Other companies with dedicated mini-sites, live reporting from the event and calls to action included EDF and SSE. The latter set the bar high with their thought leadership, commissioning a multi-year study in conjunction with Oxford University, the first of which, COP28 Renewable Energy Developers Global South Study, launched at the summit. SSE also used the event to highlight research programmes into electricity system decarbonisation and energy industry skills that it has commissioned from Imperial College London and the University of Edinburgh.

For these organisations, their communication objectives often included influencing policy. However, the target audience likely included all stakeholders, from the public to the media and shareholders. This was also a chance to do some internal comms and employee engagement on purpose-driven activities.

3. Moving people moves the dial

The official event organisers used the equivalent of video pep talks to drive engagement on social media channels. Live streams of sessions and an artful animation got people’s attention, but it was the video pep talks – edits of key quotes set to rousing music and impressive imagery – that got the most views.

A short pep talk video summarising the first day that got 548k views and 462 shares on Facebook said: “Turn the badges around your necks into a badge of honour and a life jacket for the millions of people you are working for. Accelerate climate action, teach it to run.”

This format was clearly aimed at younger audiences, who go to social media communication channels for news bites.

On LinkedIn, organisers used imagery to improve engagement – real photos consistently performed better than simple text posts or typographical pull-quotes. These are examples of effective communication that consider what drives engagement and the reality of today’s shorter attention spans, especially on social media communication channels.

4. Comedy cuts through

One of the strongest B2B campaign efforts came from Ecologi, a platform that helps SMEs calculate, report and reduce their emissions.

Ecologi teamed up with satirical music duo Cassetteboy to challenge the UK’s recent “reversal on green policies and net zero”. A video made with cut-up clips of speeches by UK Prime Minister Rishi Sunak was set to the tune of hip hop classic It’s Getting Hot in Here. The revised lyrics included:

“If you survived
Eat out to help out
Now you can try
Heat up to wipe out…
With temperatures high
You might wonder why
COP28 takes place in Dubai
And its president
Is an oil company CEO
Who might be hesitant
To say no to
Tightening rules on
Fossil fuels
When oil and gas
Just has to go
And thanks to me
The UK is too slow
As we move away
From net zero.”

It concluded with the key message ‘Don’t COP out. Join the 20,000+ businesses making it less ‘hot out there’’.

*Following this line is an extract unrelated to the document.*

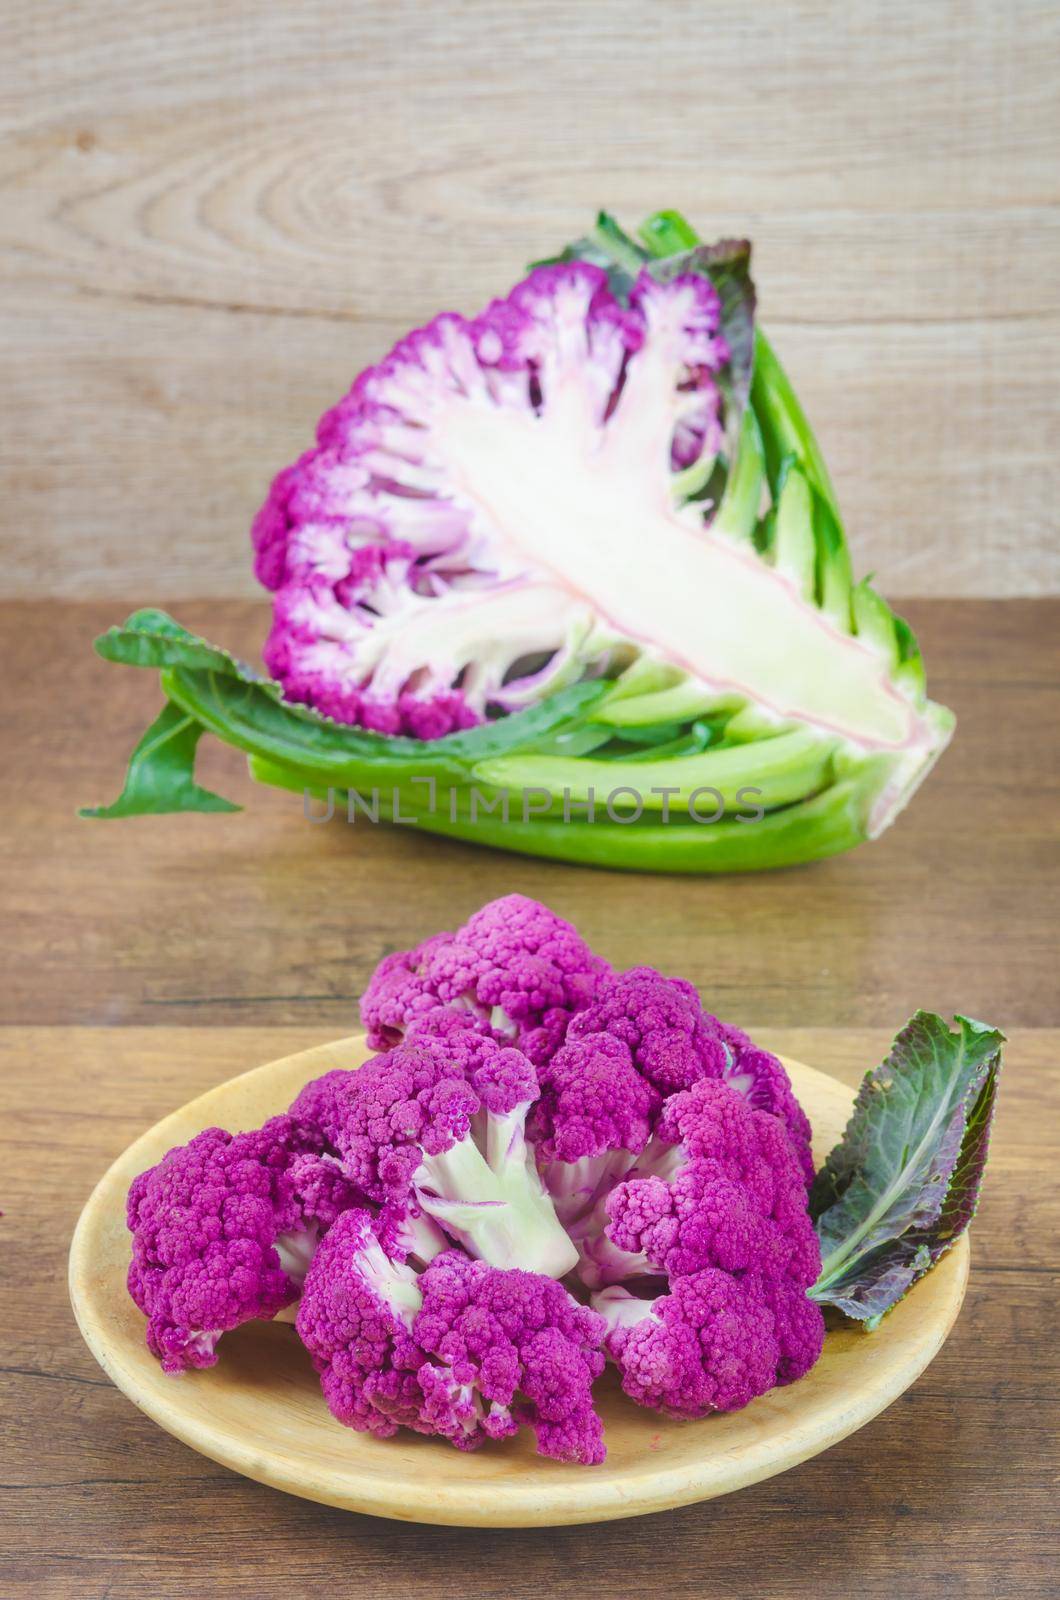 The Freshness Purple Cauliflower on wooden background.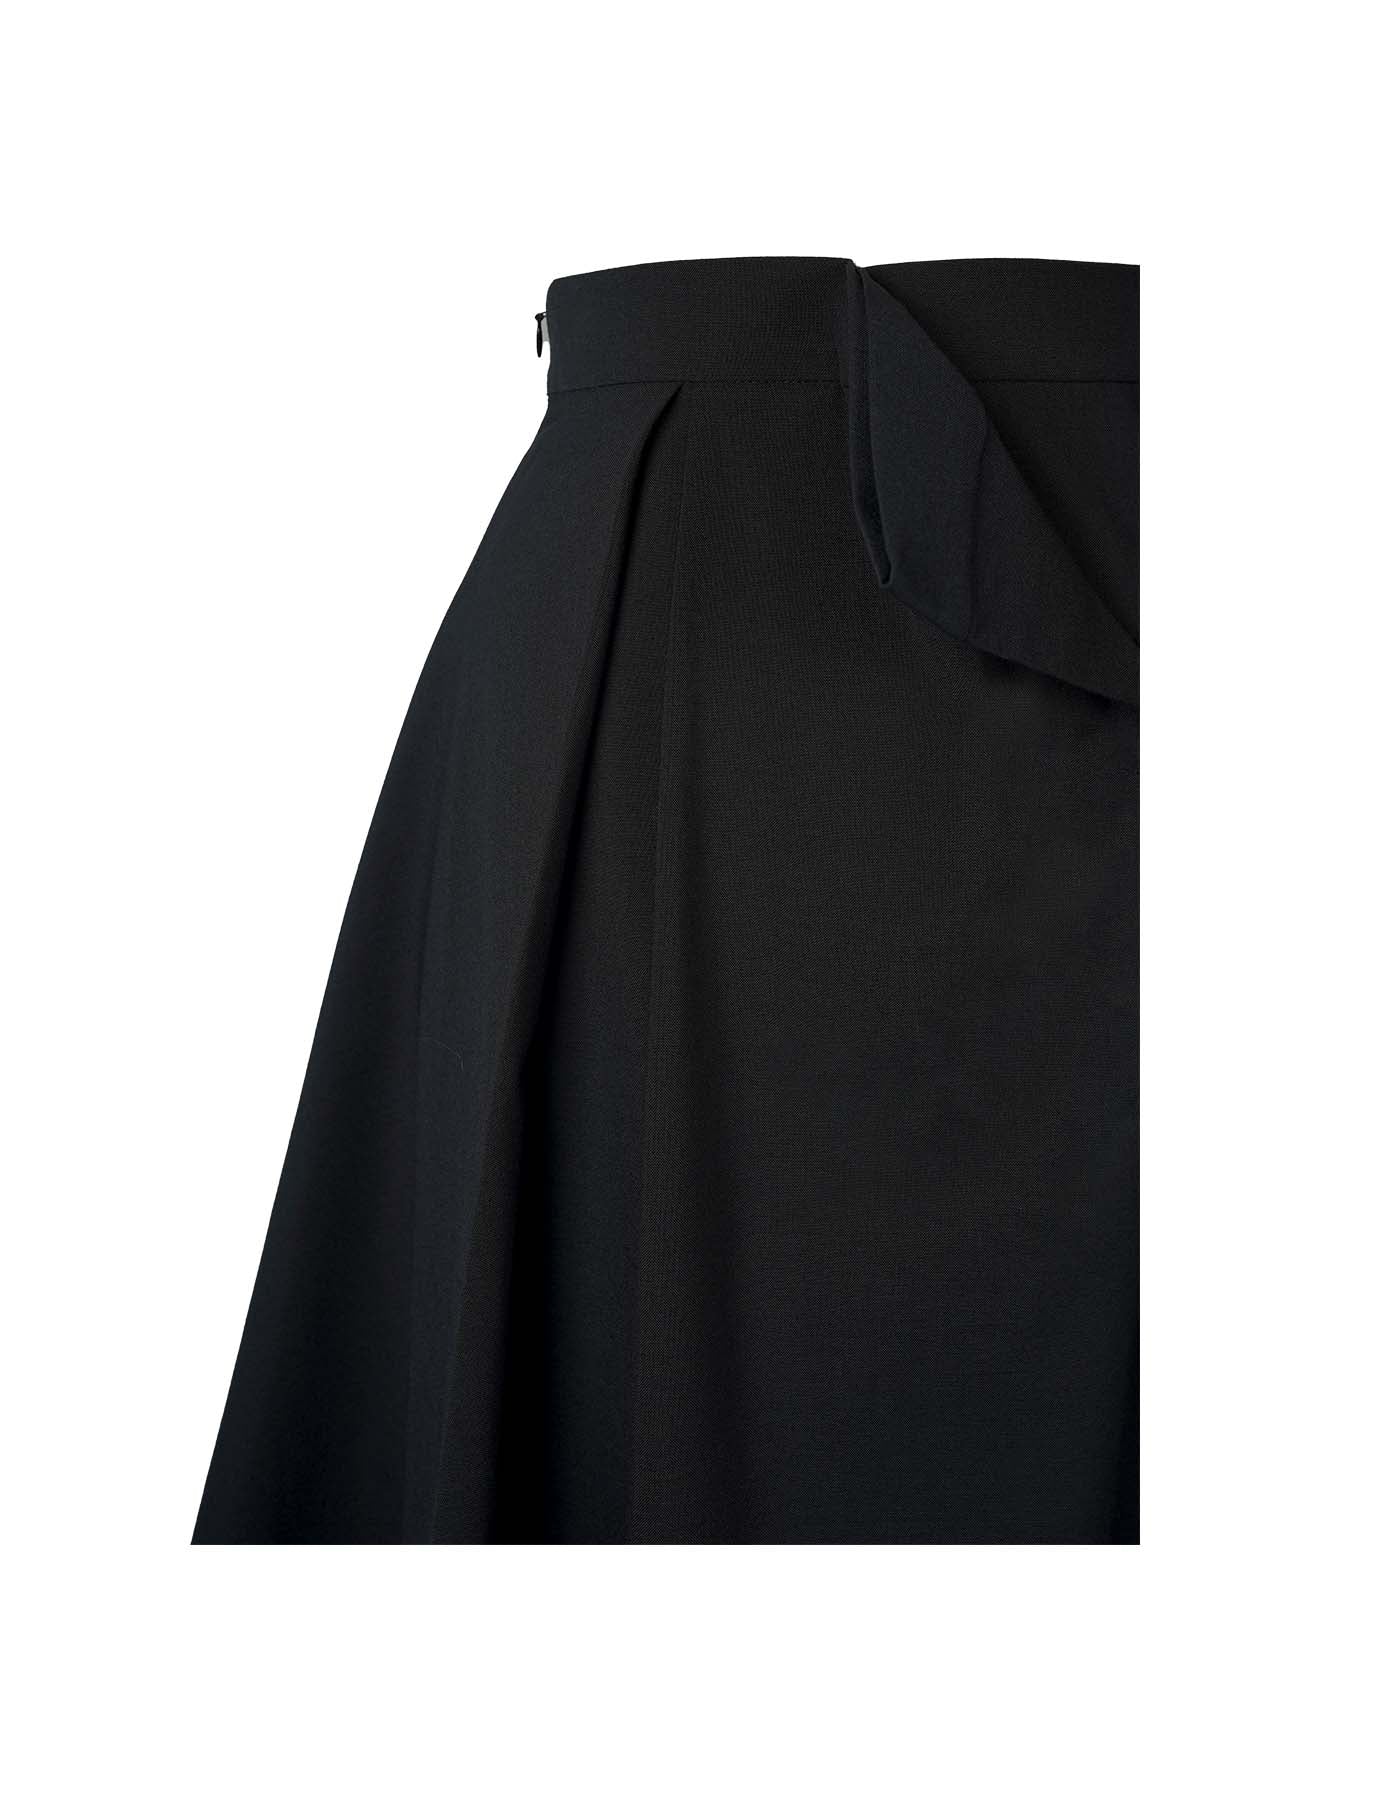 Flipping Corset A-line Skirt

The video, part activism, part clever content marketing campaign, used comedy to cut through and garnered 62.8k views on Facebook and more than 40k views on Twitter. The company later posted the video on LinkedIn, suggesting it was aiming the content initially at younger audiences on social networks hungry for more engaging formats.

A similar approach to this effective communication strategy is taken by Climate Science Breakthrough, which has produced a video series where comedians such as Jo Brand and Nish Kumar ‘translate’ climate science using their gift of the gab communication skills. The idea is rooted in insights from social psychology and intends to provoke action.

The group says of its approach: “The premise is that humans don’t respond to data. We respond to stories, to images, to emotions. We look to other humans to see how they’re reacting. We are prone to denial and rationalising problems away. Our brains are full of cognitive quirks that need navigating.”

Climate Science Breakthrough uses simple narratives, with a clear villain – the fossil fuel industry – and clear communication goals to tackle some of the obstacles to action, such as collective vs personal responsibility and narrative complexity.

There is much content marketers could learn from these strategic communications.

But the resounding message from COP was that climate strategy comes before content strategy.